Many of the surviving original drawings for Road to Oz have sketches on the back of the board, for other drawings in the book. This one is no exception, although it is a small and very sketchy sketch. This is for the scene of the Shaggy Man catching the heads of the Scoodlers and tossing them into a cavern, as he and the others escape. There are also a number of numerical doodles and sums, something else that's not uncommon on John R. Neill art!

The Road to Oz is considered to contain some of Neill's finest and most elaborate work, and it's easy to see why when examining the many whimsical details on the Scoodlers in this drawing. Sadly, much of the crisp line work is lost in reproduction, especially in later printings of the book.

Sunday, January 4, 2015

Julia Dyar Hardy

This copy of Jack Pumpkinhead, one of the Snuggle Tales, is a recent acquisition. This copy happens to be in its original dust jacket, which is always a bonus on a children's book!

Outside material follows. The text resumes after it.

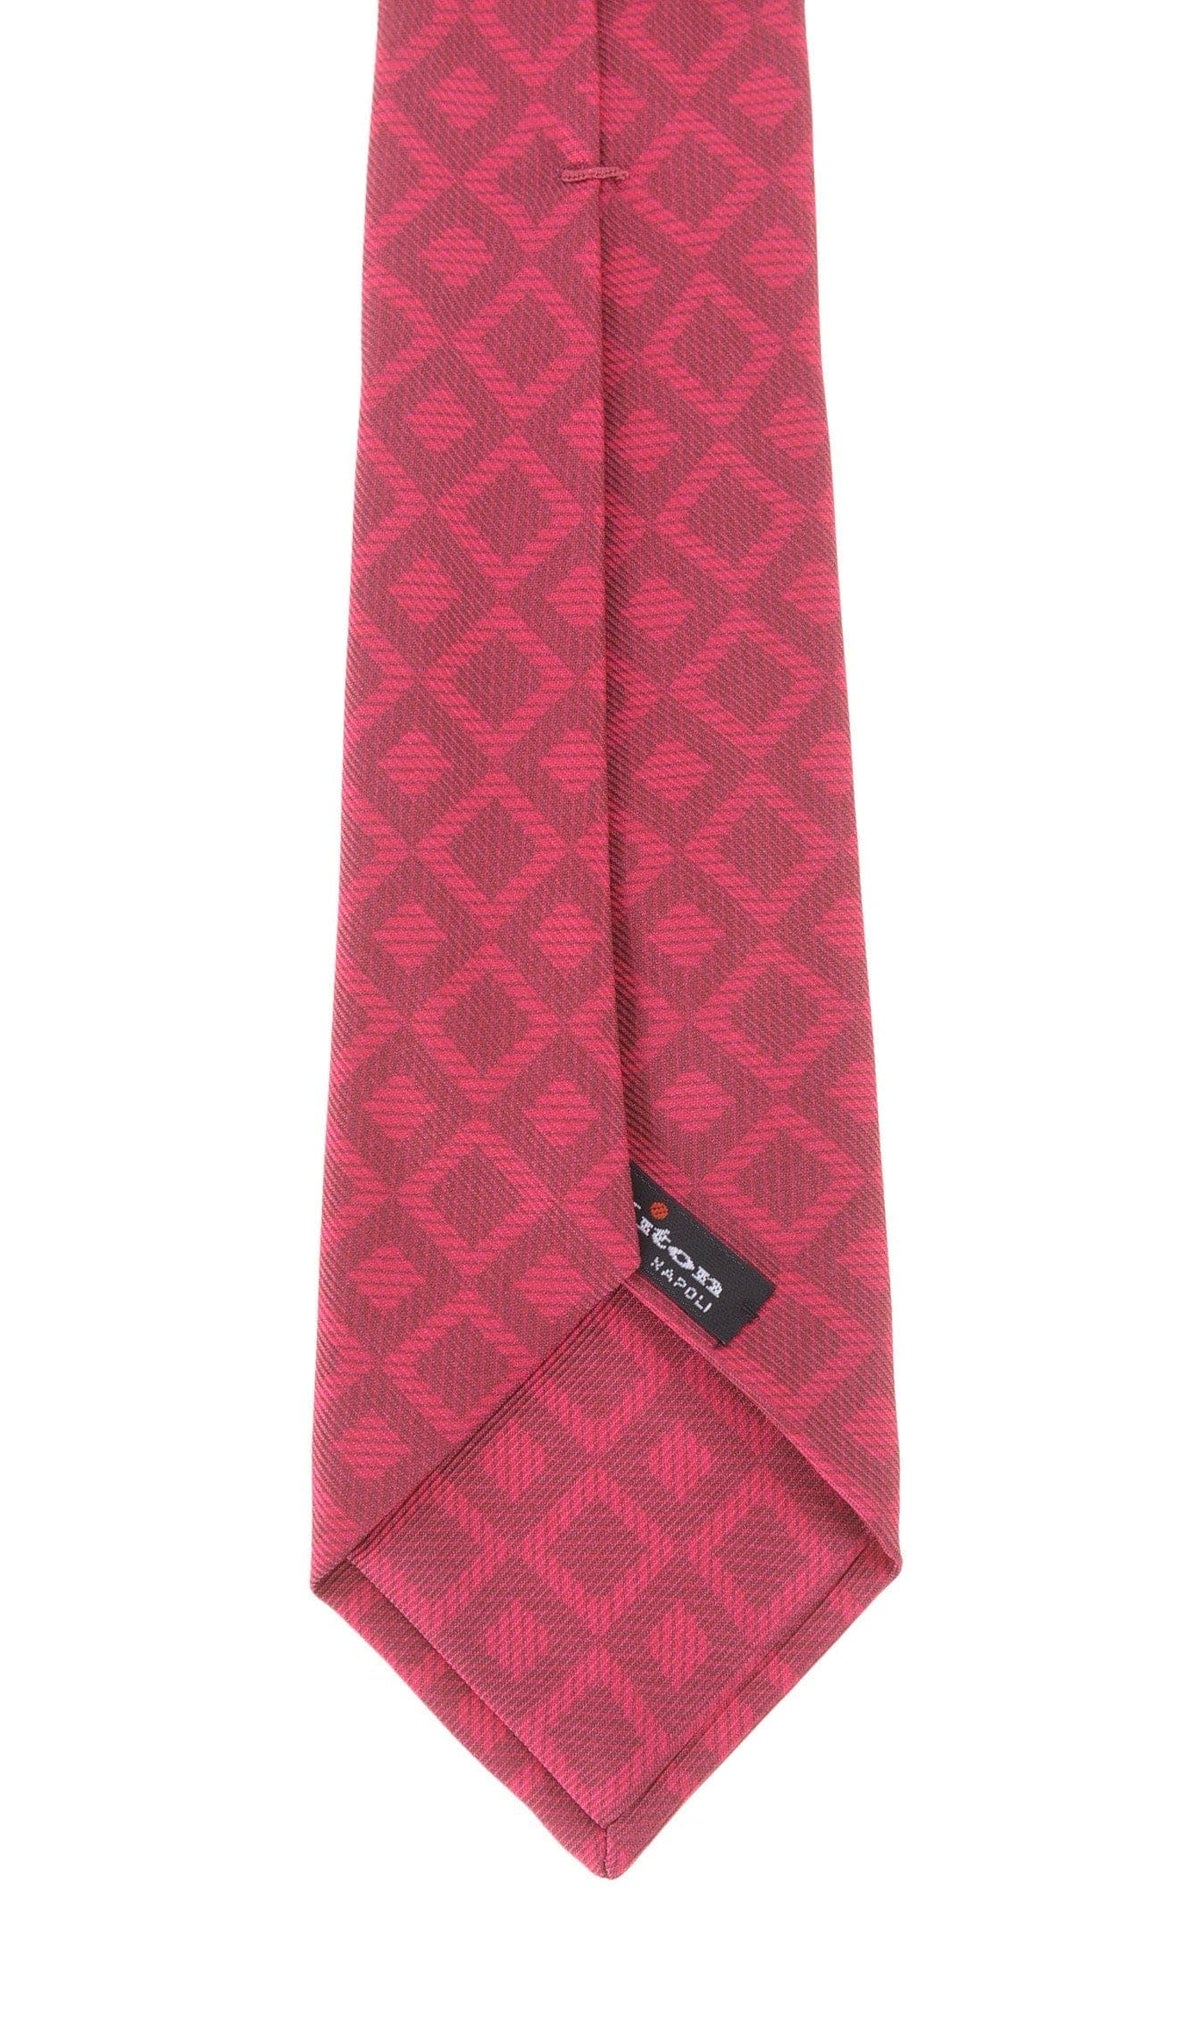 Kiton Napoli Red With White Gold Diamond Motif Seven Fold Handmade Silk Necktie - The Suit Depot
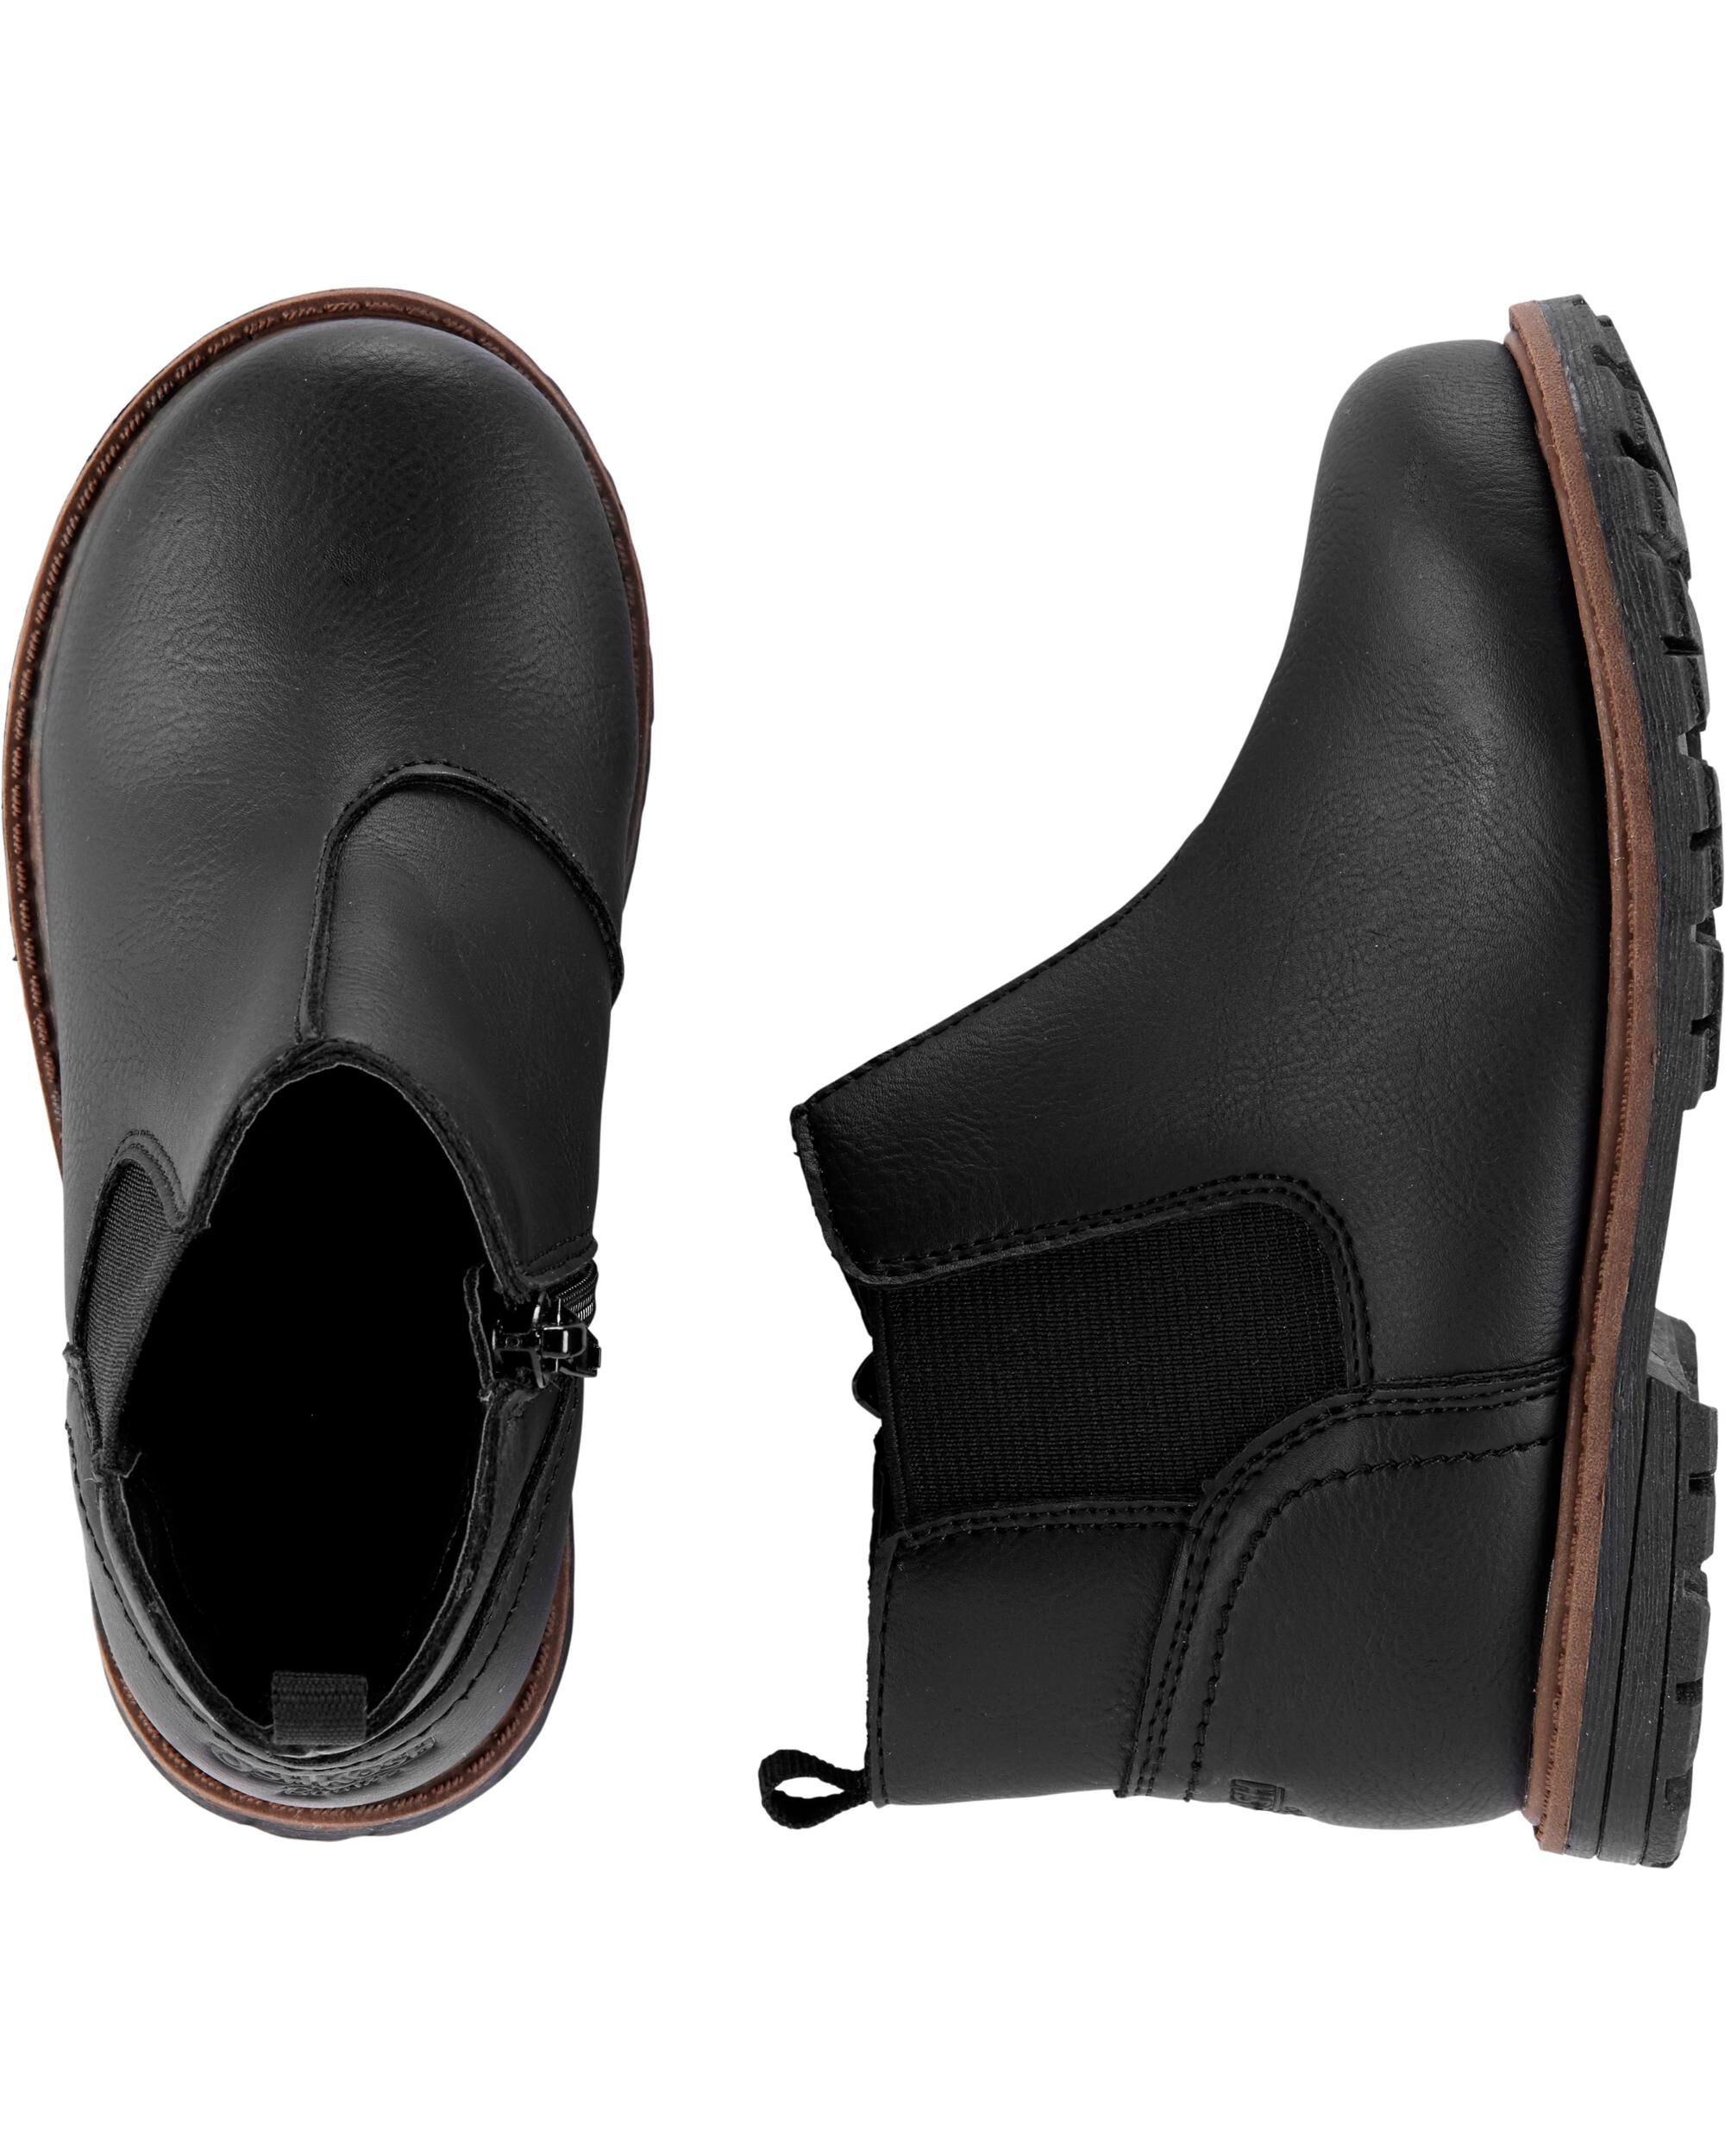 OshKosh Black Ankle Boots | oshkosh.com

When Reilly & Britton published their series of Baum's Snuggle Tales in 1916-17, they bypassed John R. Neill for new cover designs and instead used Julia Dyar Hardy. I haven't been able to find out much about Hardy, other than the fact that she did illustrate other books at that time.

Another example of her work in a Reilly & Britton title is Betty's Policeman; she also provided illustrations for the series of Snip and Snap books, for the Volland company, the publishers of Ruth Plumly Thompson's Perhappsy Chaps and Princess of Cozytown.

In Hardy's Snuggle Tale covers we do get to see a few Oz celebrities - Jack Pumpkinhead, Tip, and the Sawhorse are shown above, and a Scarecrow doll appears on the cover of Once Upon a Time. The Gingerbread Man shows John Dough, who does make a cameo appearance in The Road to Oz. But the Yellow Hen (featured on the book of the same title) isn't Billina - instead it's an earlier hen from a story in Mother Goose in Prose.